---- Source material

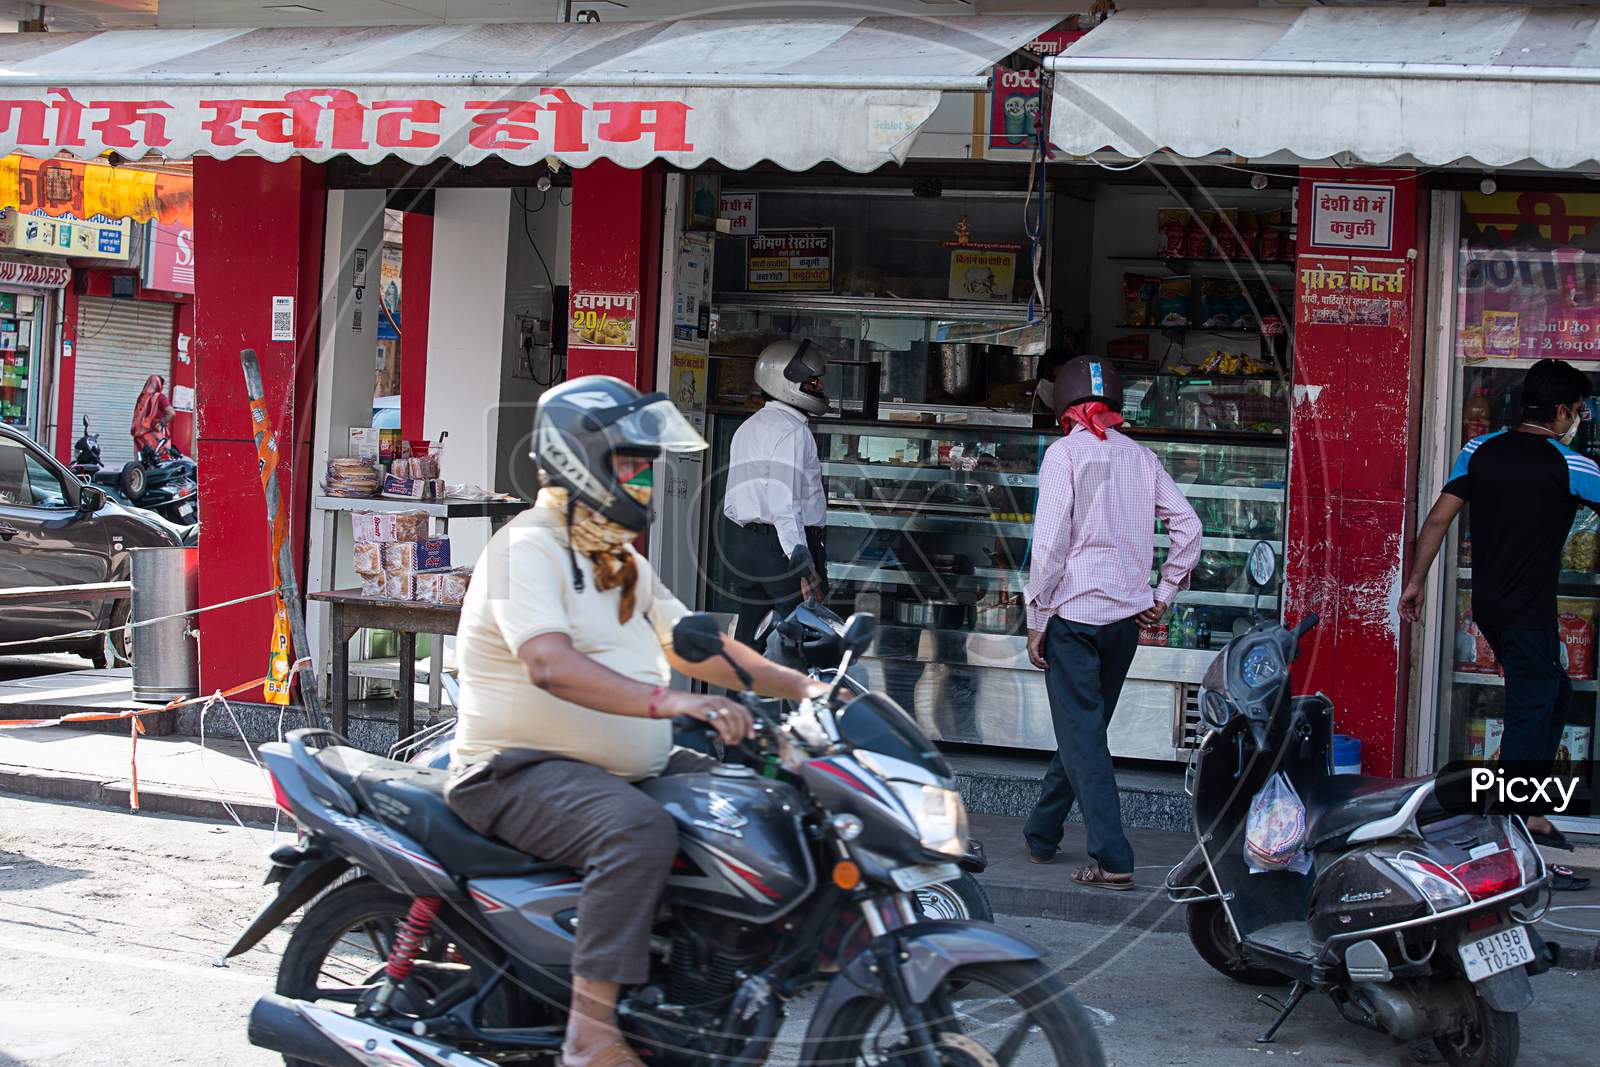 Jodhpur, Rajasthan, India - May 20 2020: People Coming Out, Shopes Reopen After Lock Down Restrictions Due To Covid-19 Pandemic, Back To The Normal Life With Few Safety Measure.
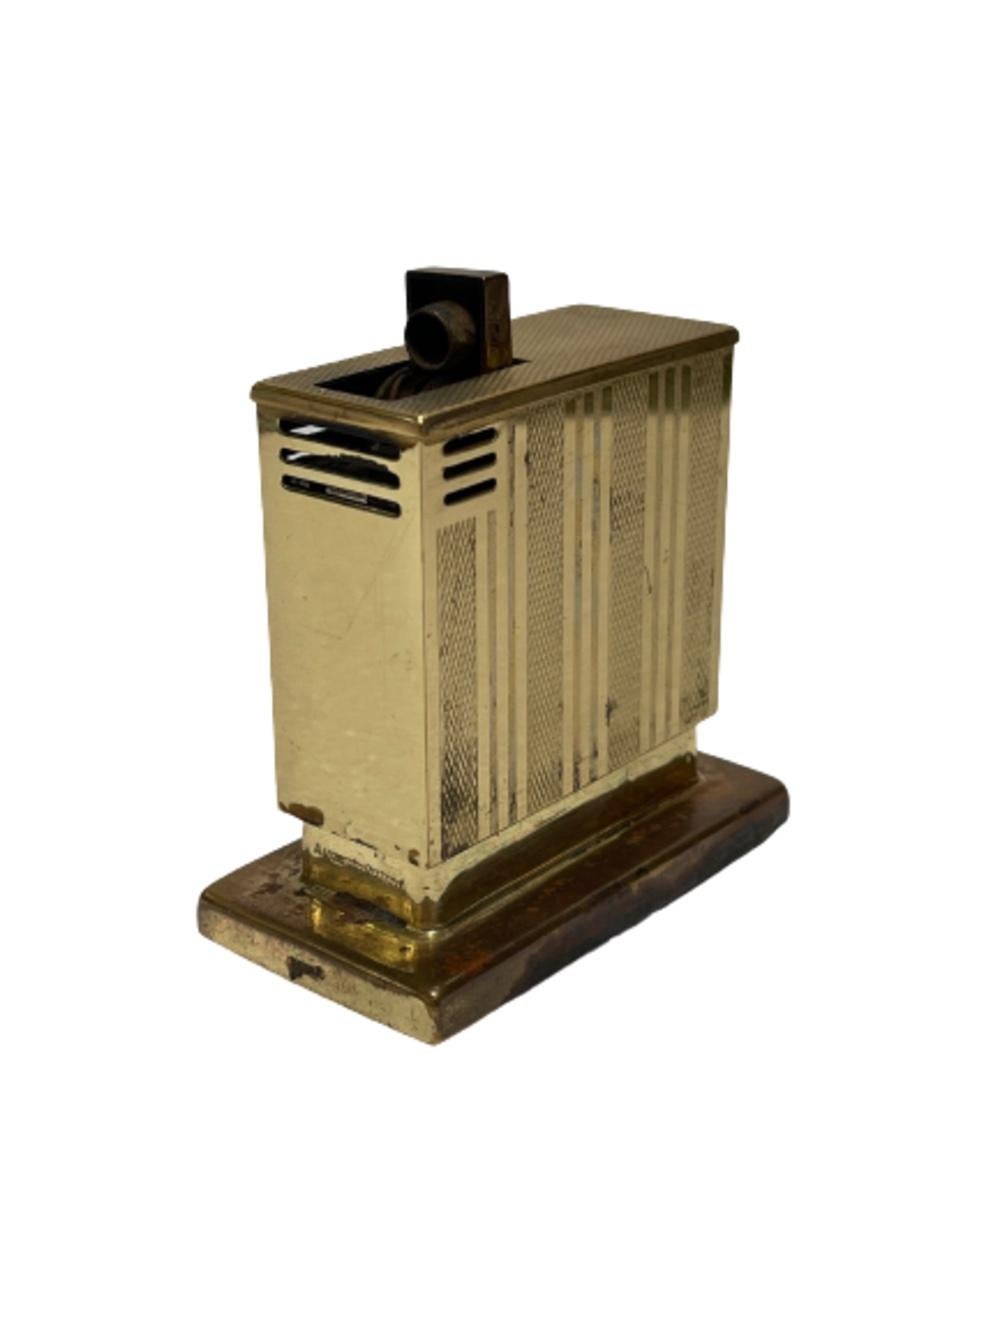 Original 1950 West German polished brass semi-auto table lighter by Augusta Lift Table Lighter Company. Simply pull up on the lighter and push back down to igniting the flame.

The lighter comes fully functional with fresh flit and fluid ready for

--------
---- Source material

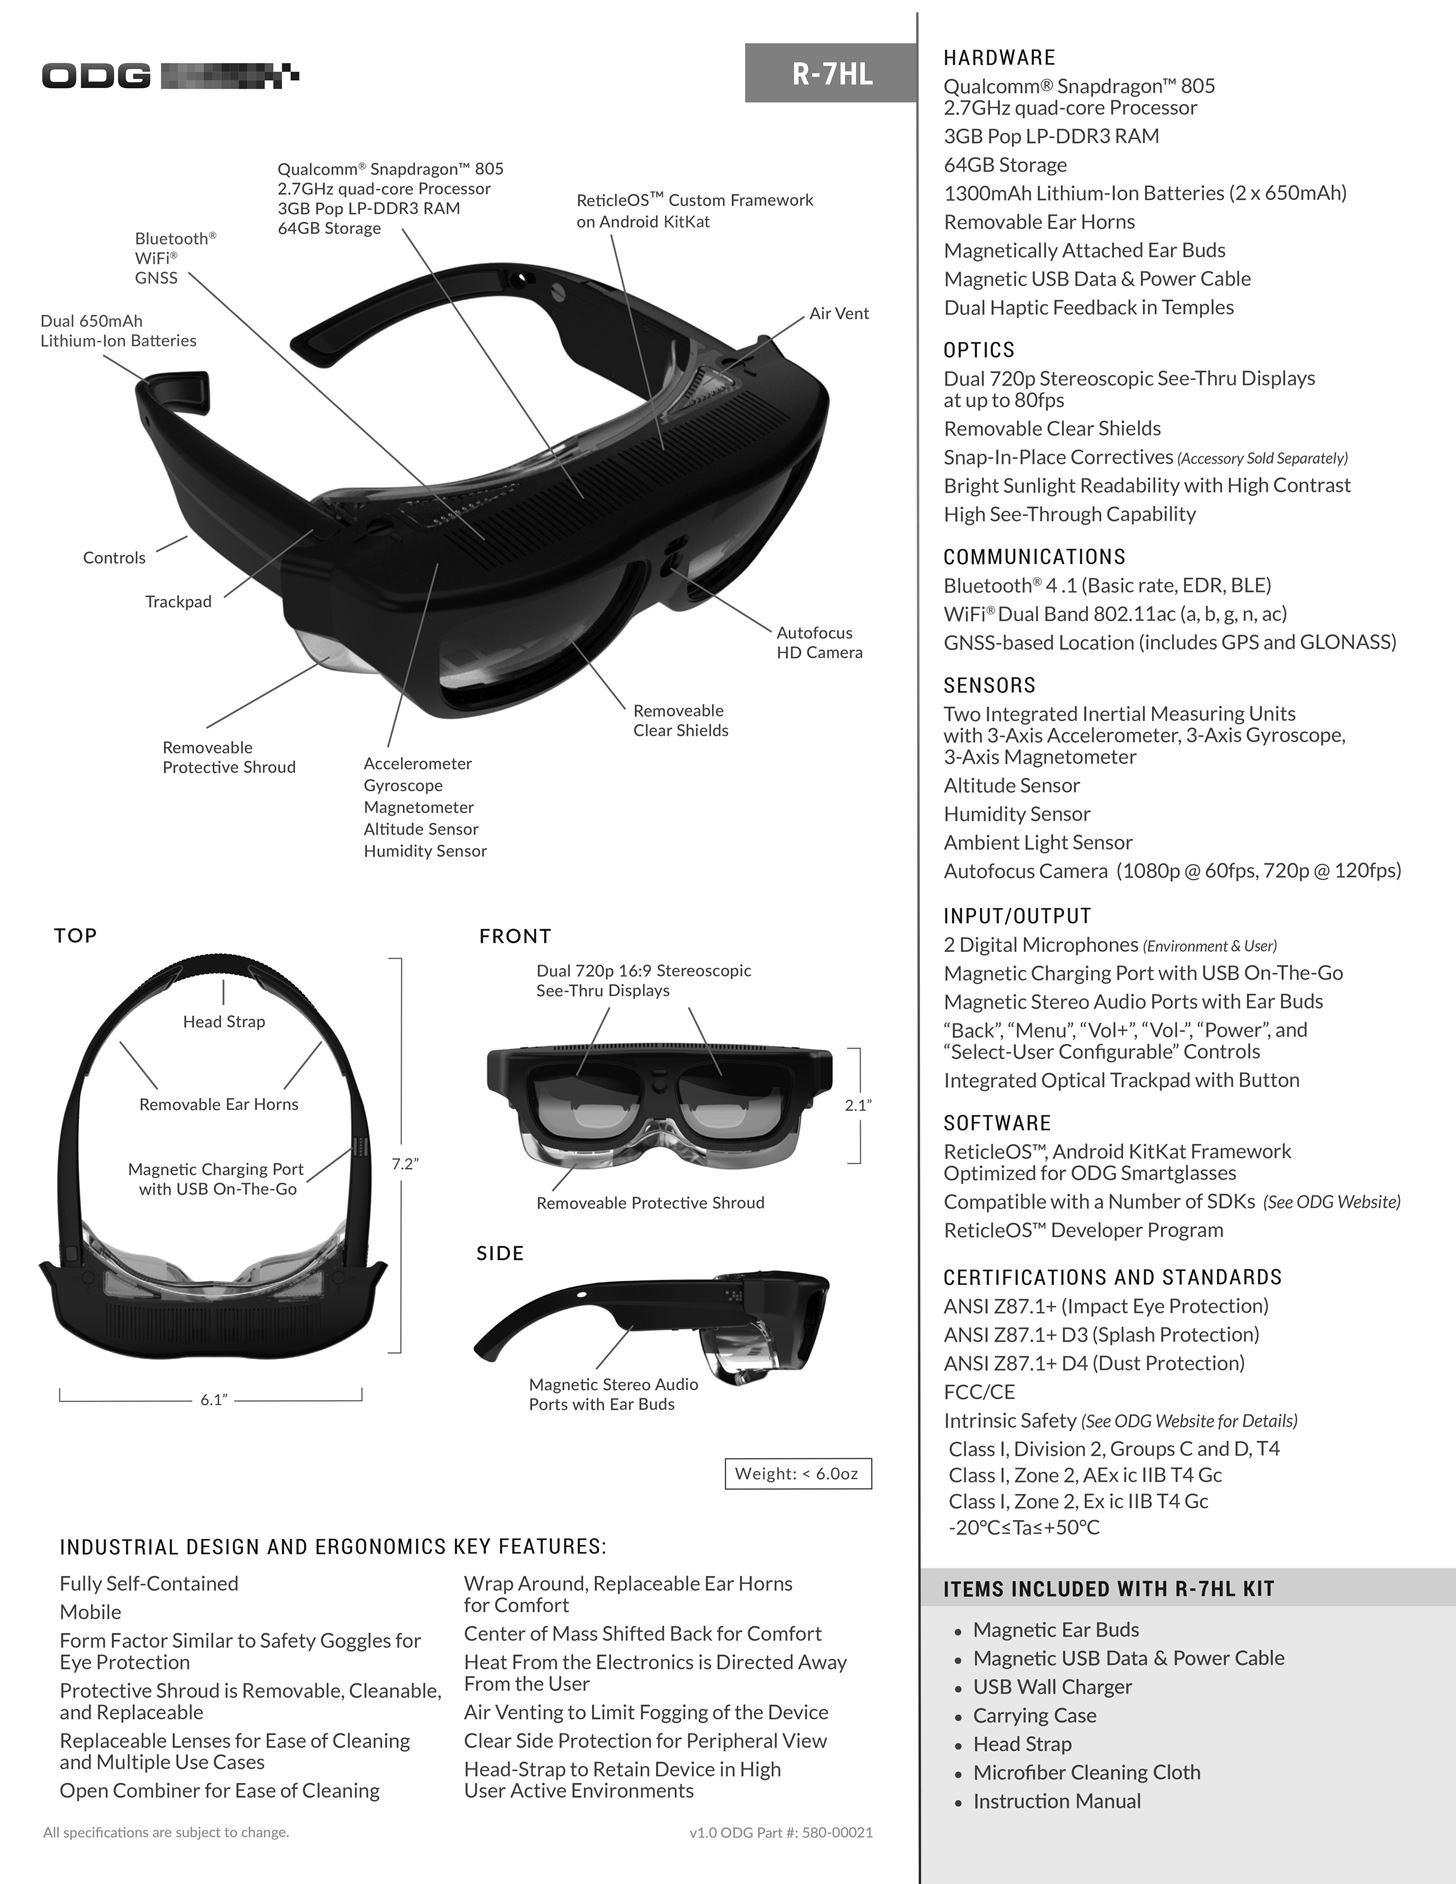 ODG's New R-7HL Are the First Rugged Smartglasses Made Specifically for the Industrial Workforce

--------

▶ _Task item_
In the records above, find the line with "Jodhpur, Rajasthan, India" and the line with "The lighter comes", then restate word for word only those two lines and all lines between, omitting pictures.

▶ _Task answer_
 Jodhpur, Rajasthan, India - May 20 2020: People Coming Out, Shopes Reopen After Lock Down Restrictions Due To Covid-19 Pandemic, Back To The Normal Life With Few Safety Measure.
 Original 1950 West German polished brass semi-auto table lighter by Augusta Lift Table Lighter Company. Simply pull up on the lighter and push back down to igniting the flame.

The lighter comes fully functional with fresh flit and fluid ready for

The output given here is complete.